----- Supplied data -----

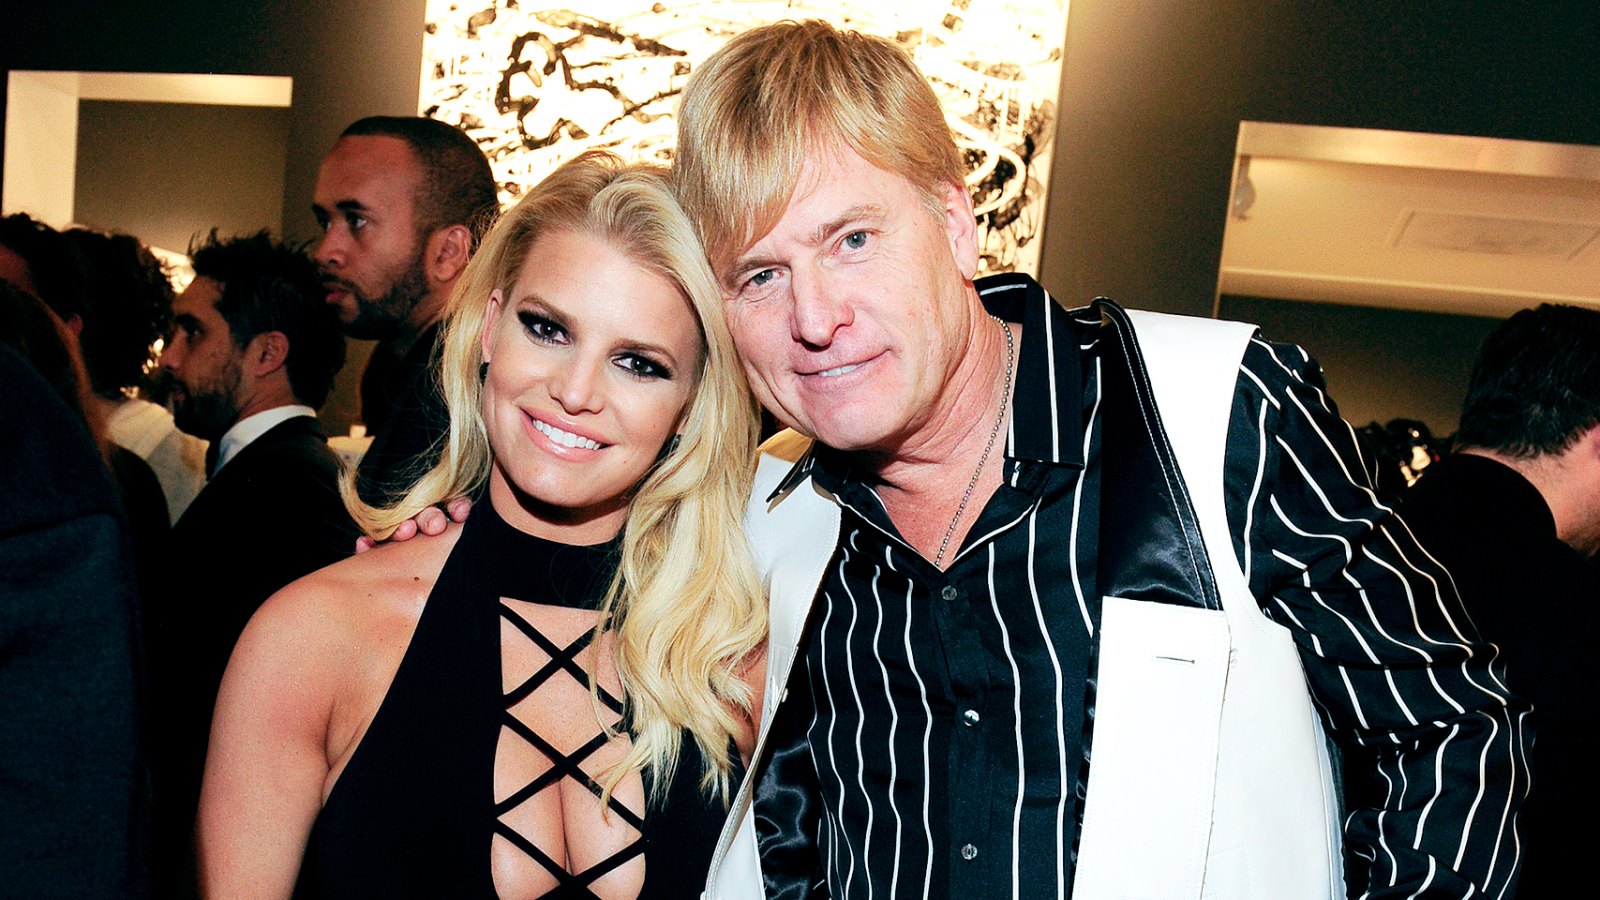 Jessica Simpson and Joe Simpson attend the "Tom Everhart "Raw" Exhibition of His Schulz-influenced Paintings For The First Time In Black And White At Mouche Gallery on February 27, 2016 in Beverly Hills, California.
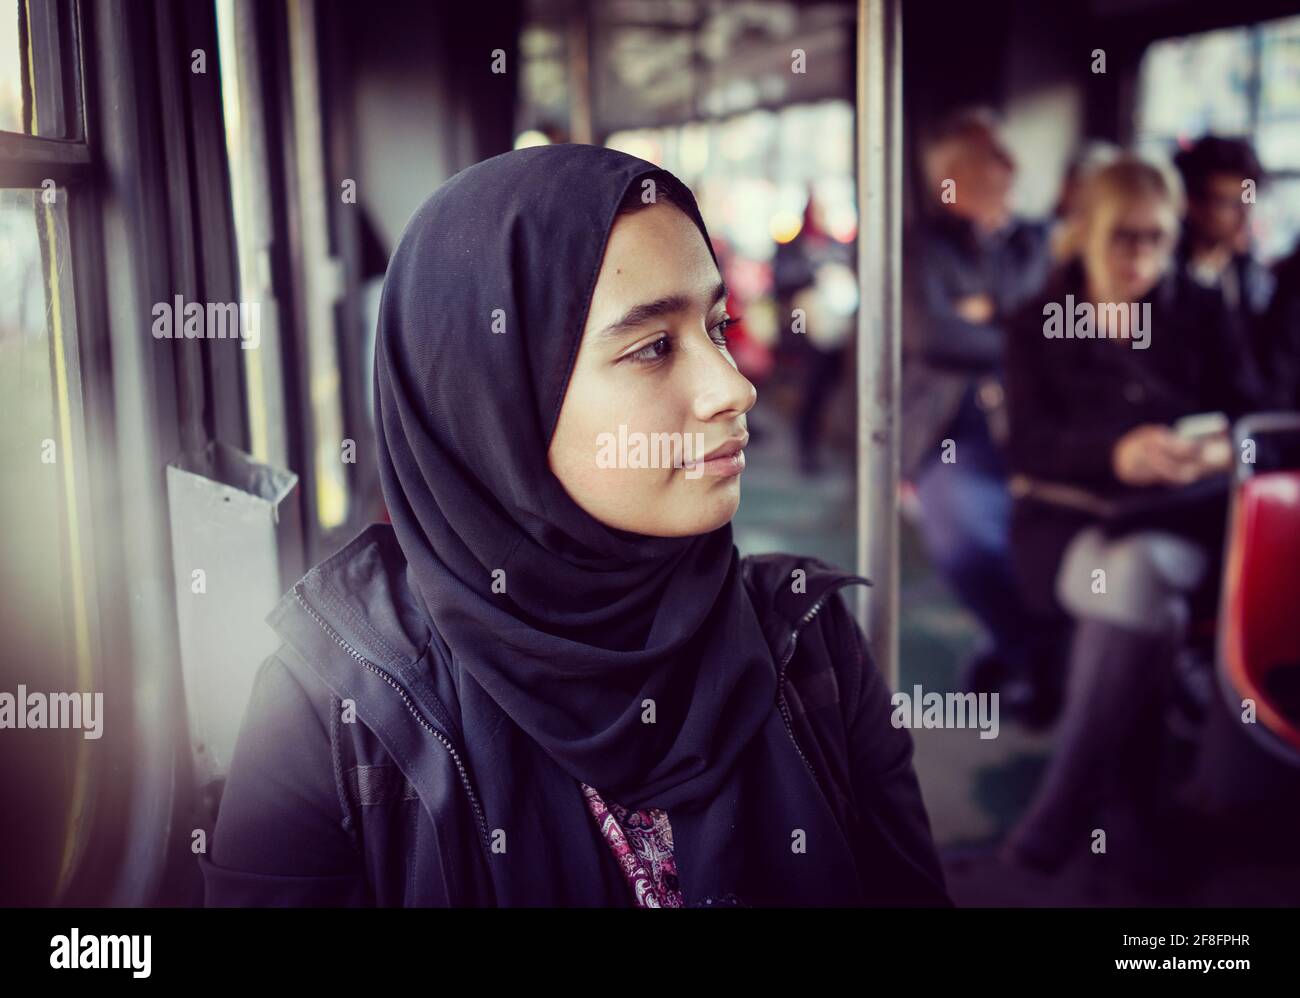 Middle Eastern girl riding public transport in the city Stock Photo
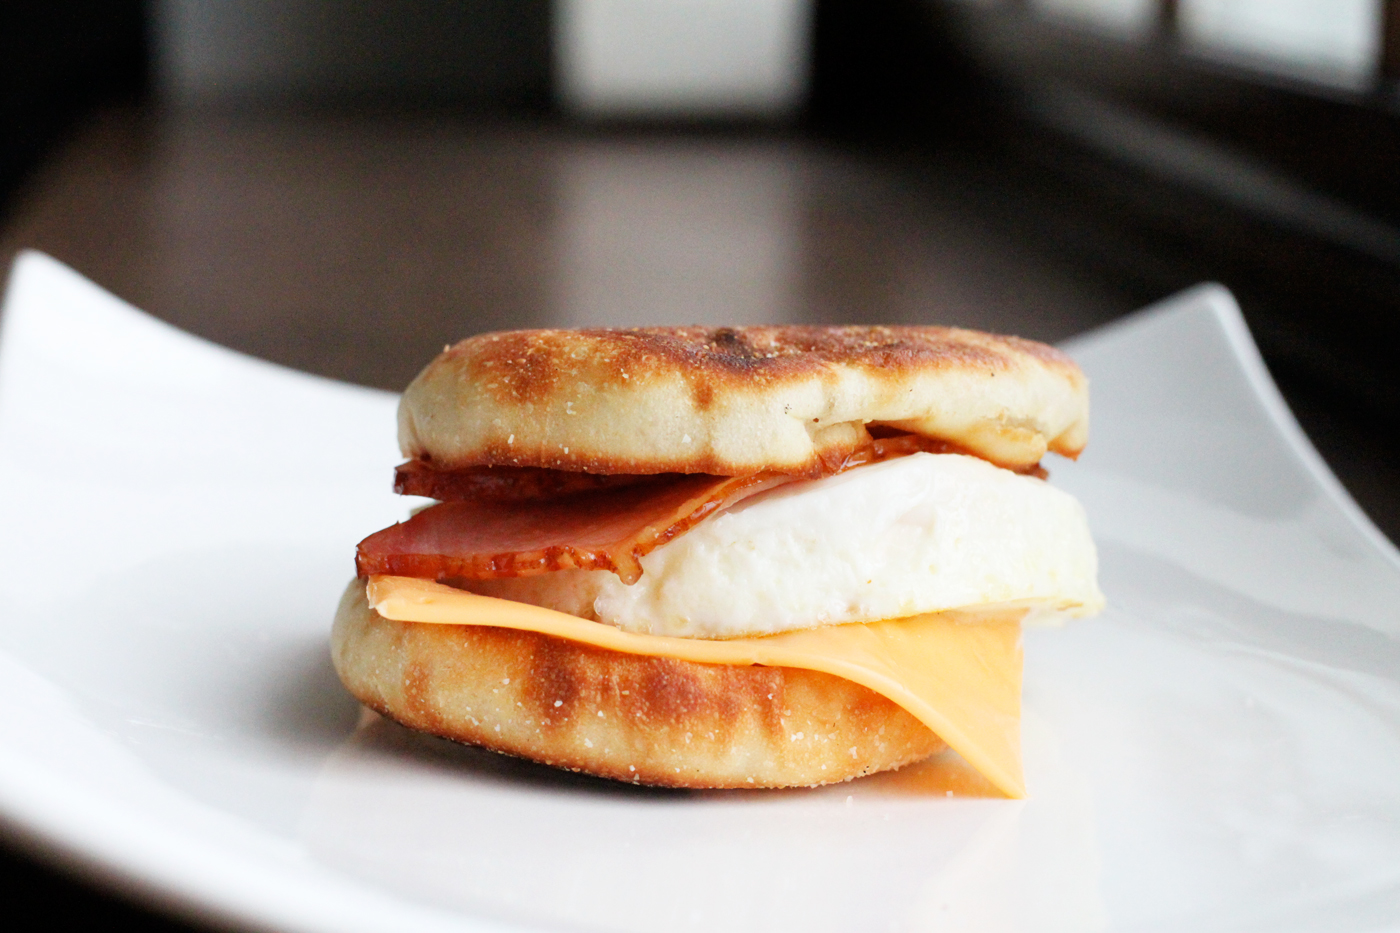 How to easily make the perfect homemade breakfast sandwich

-----

■ Assigned task
All of the material above must be given again verbatim, except for the pictures.

■ Expected answer
 Jessica Simpson and Joe Simpson attend the "Tom Everhart "Raw" Exhibition of His Schulz-influenced Paintings For The First Time In Black And White At Mouche Gallery on February 27, 2016 in Beverly Hills, California.
 Middle Eastern girl riding public transport in the city Stock Photo
 How to easily make the perfect homemade breakfast sandwich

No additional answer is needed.